Posted to dev@mesos.apache.org by "Benjamin Mahler (JIRA)" <ji...@apache.org> on 2013/03/14 03:02:12 UTC
[jira] [Created] (MESOS-391) Slave GarbageCollector needs to also
take into account the number of links, when determining removal time.
Benjamin Mahler created MESOS-391:
-------------------------------------
Summary: Slave GarbageCollector needs to also take into account the number of links, when determining removal time.
Key: MESOS-391
URL: https://issues.apache.org/jira/browse/MESOS-391
Project: Mesos
Issue Type: Bug
Reporter: Benjamin Mahler
The slave garbage collector does not take into account the number of links present, which means that if we create a lot of executor directories (up to LINK_MAX), we won't necessarily GC.
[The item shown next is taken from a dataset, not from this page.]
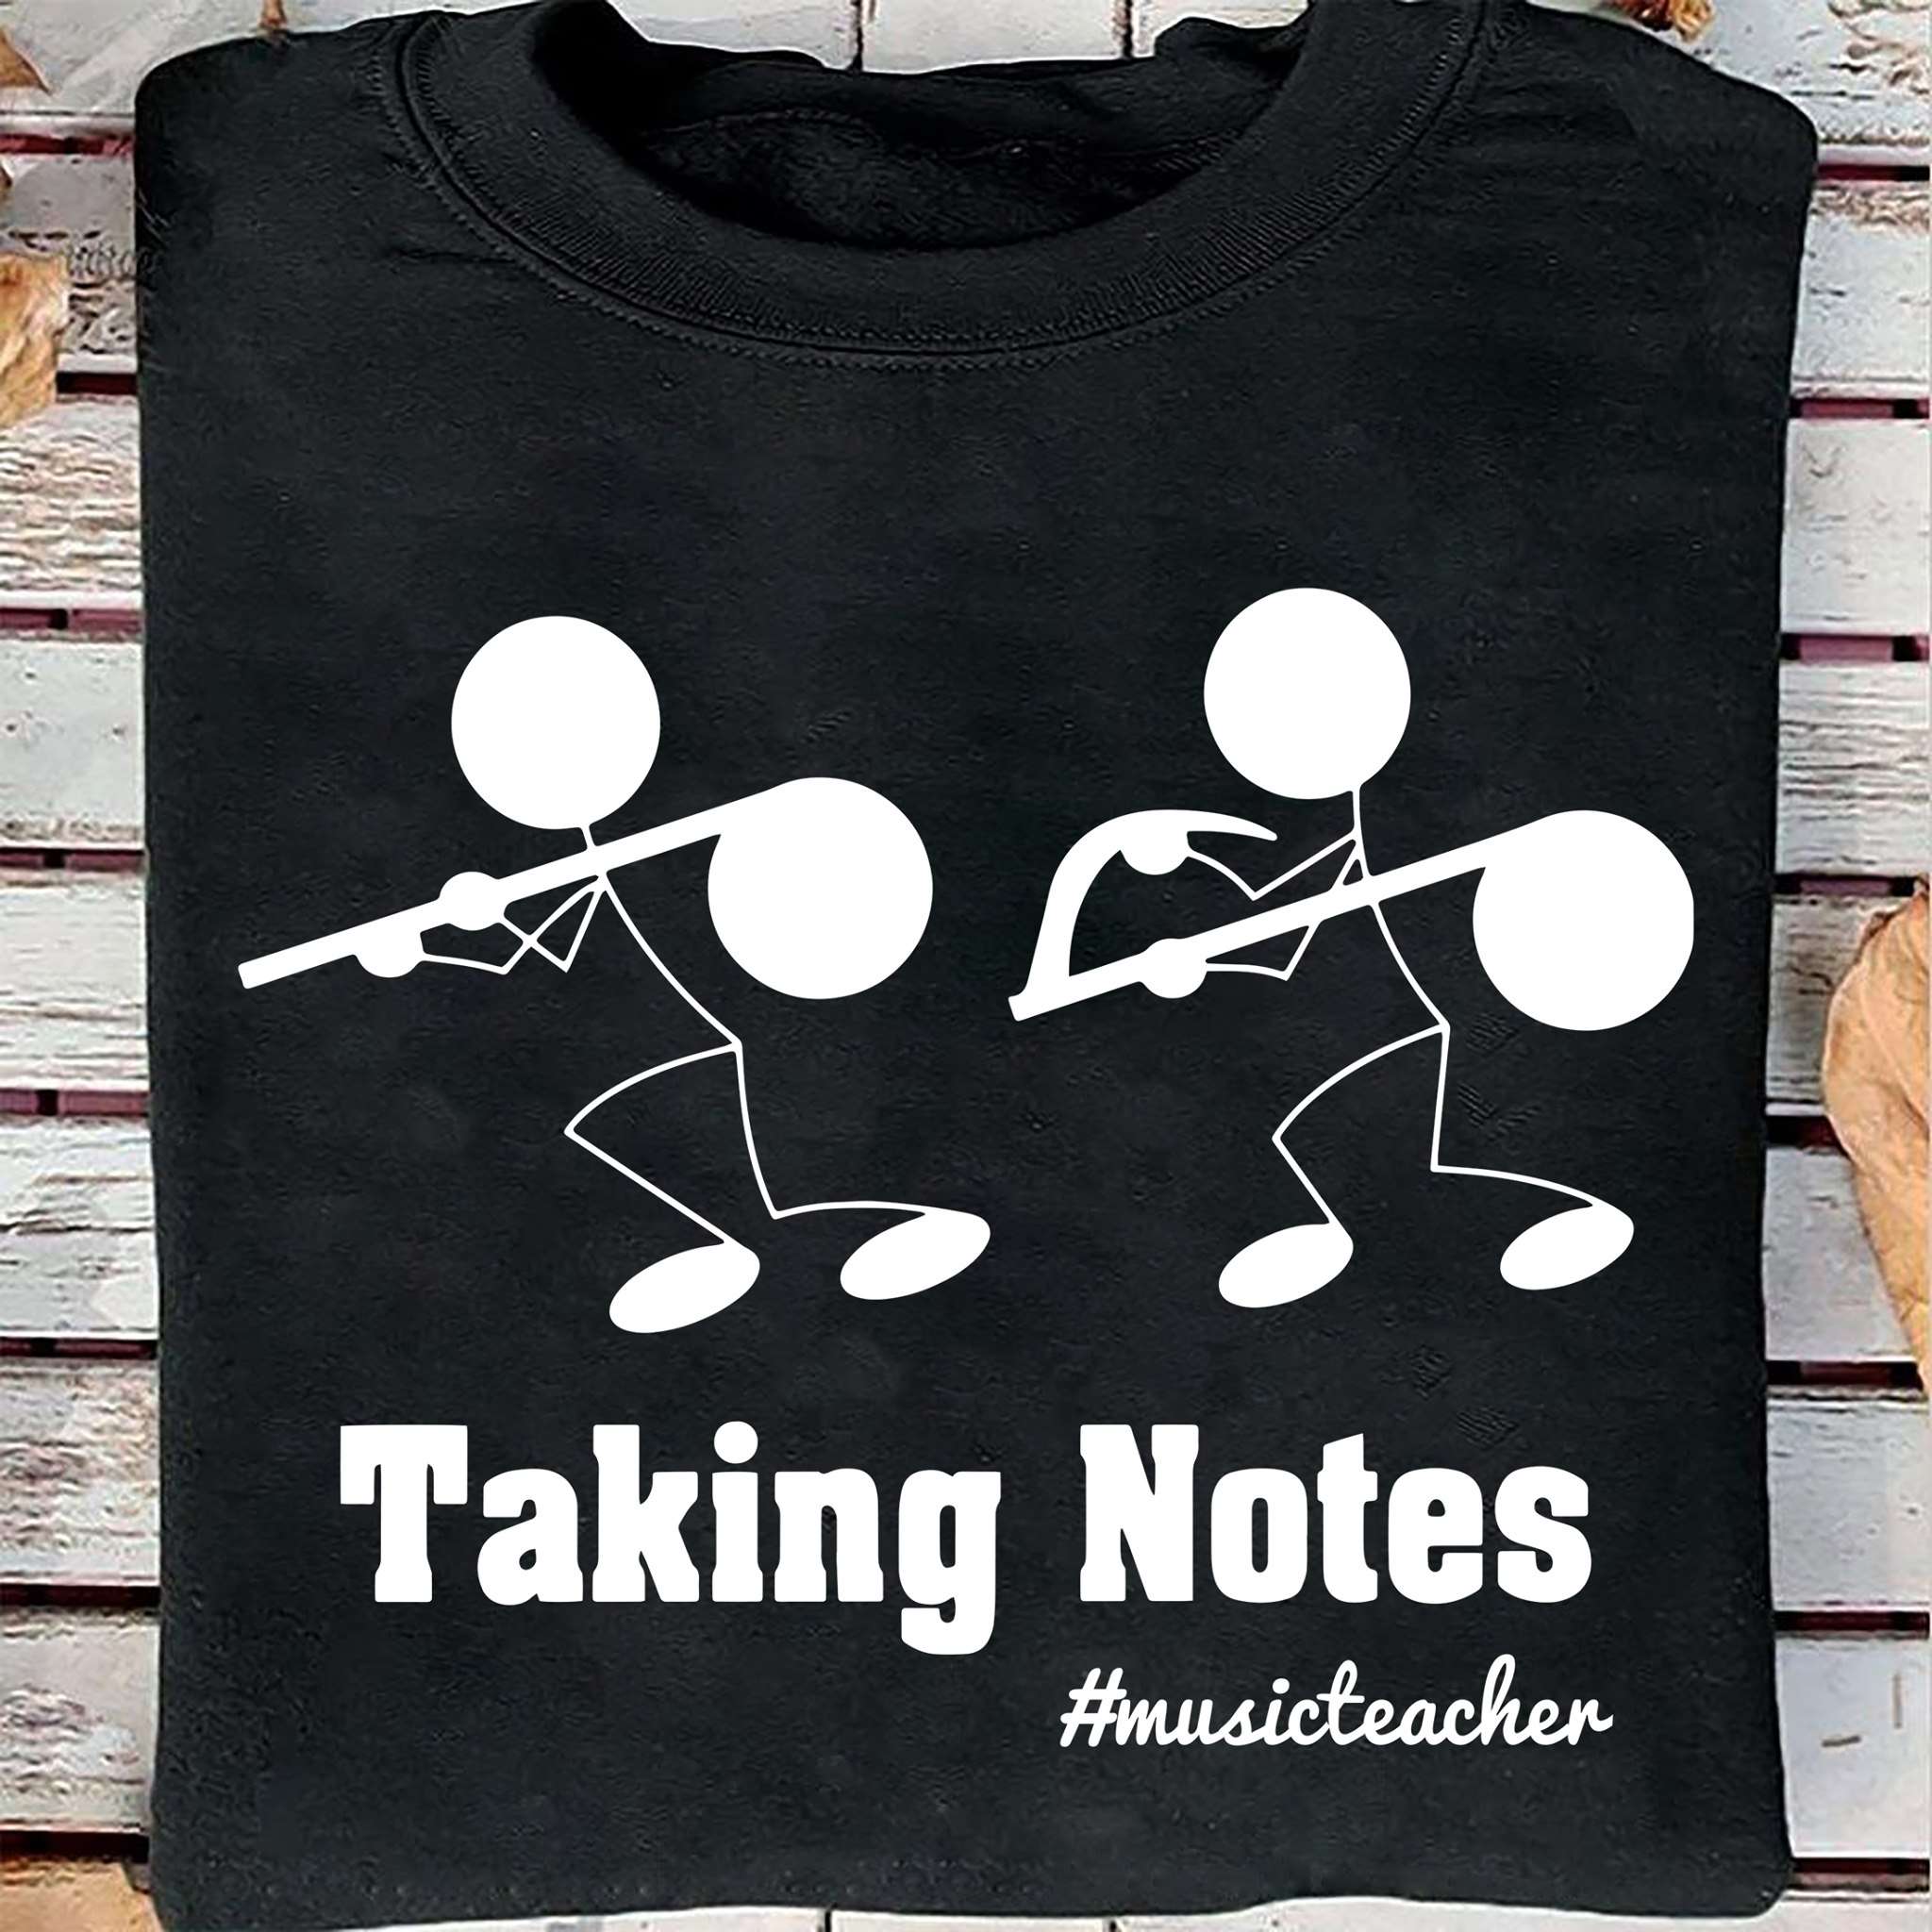 Taking notes - Music teacher, music notes taking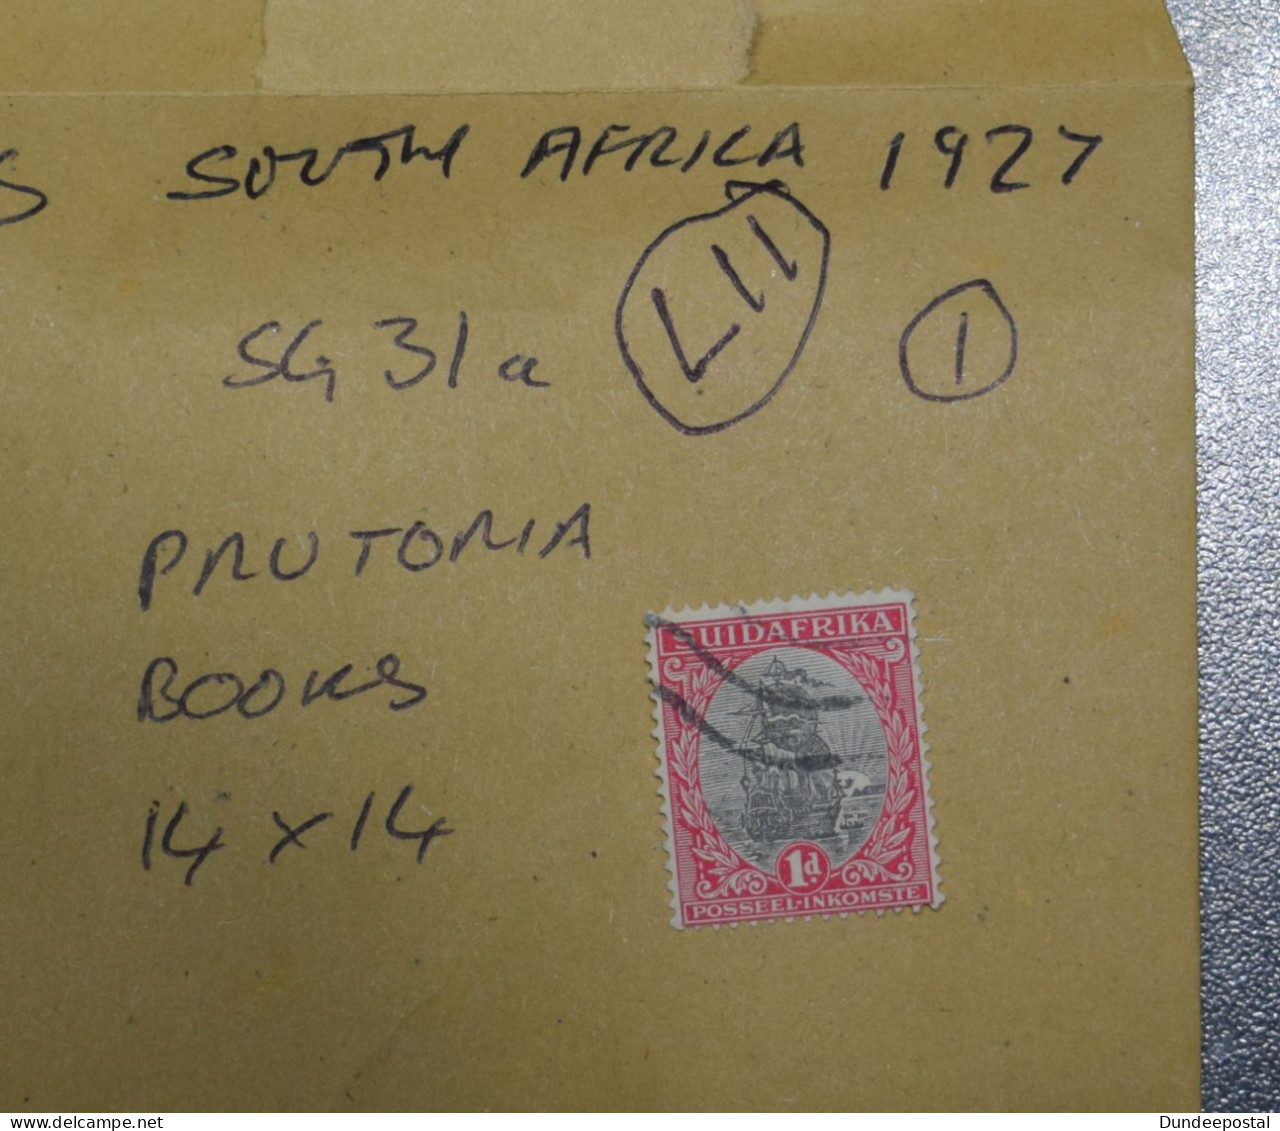 SOUTH AFRICA   STAMPS Drommedaris Ship 1d  1927  L11  ~~L@@K~~ - Used Stamps

As a result of this, the slave crashes:
F0313 21:40:02.926494 33746 paths.hpp:233] CHECK_SOME(mkdir) failed: Failed to create executor directory '/var/lib/mesos/slaves/201303090208-1937777162-5050-38880-267/frameworks/201103282247-0000000019-0000/executors/thermos-1363210801777-mesos-meta_slave_0-27-e74e4b30-dcf1-4e88-8954-dd2b40b7dd89/runs/499fcc13-c391-421c-93d2-a56d1a4a931e': Too many links
*** Check failure stack trace: ***
@ 0x7f9320f82f9d google::LogMessage::Fail()
@ 0x7f9320f88c07 google::LogMessage::SendToLog()
@ 0x7f9320f8484c google::LogMessage::Flush()
@ 0x7f9320f84ab6 google::LogMessageFatal::~LogMessageFatal()
@ 0x7f9320c70312 _CheckSome::~_CheckSome()
@ 0x7f9320c9dd5c mesos::internal::slave::paths::createExecutorDirectory()
@ 0x7f9320c9e60d mesos::internal::slave::Framework::createExecutor()
@ 0x7f9320c7a7f7 mesos::internal::slave::Slave::runTask()
@ 0x7f9320c9cb43 ProtobufProcess<>::handler4<>()
@ 0x7f9320c8678b std::tr1::_Function_handler<>::_M_invoke()
@ 0x7f9320c9d1ab ProtobufProcess<>::visit()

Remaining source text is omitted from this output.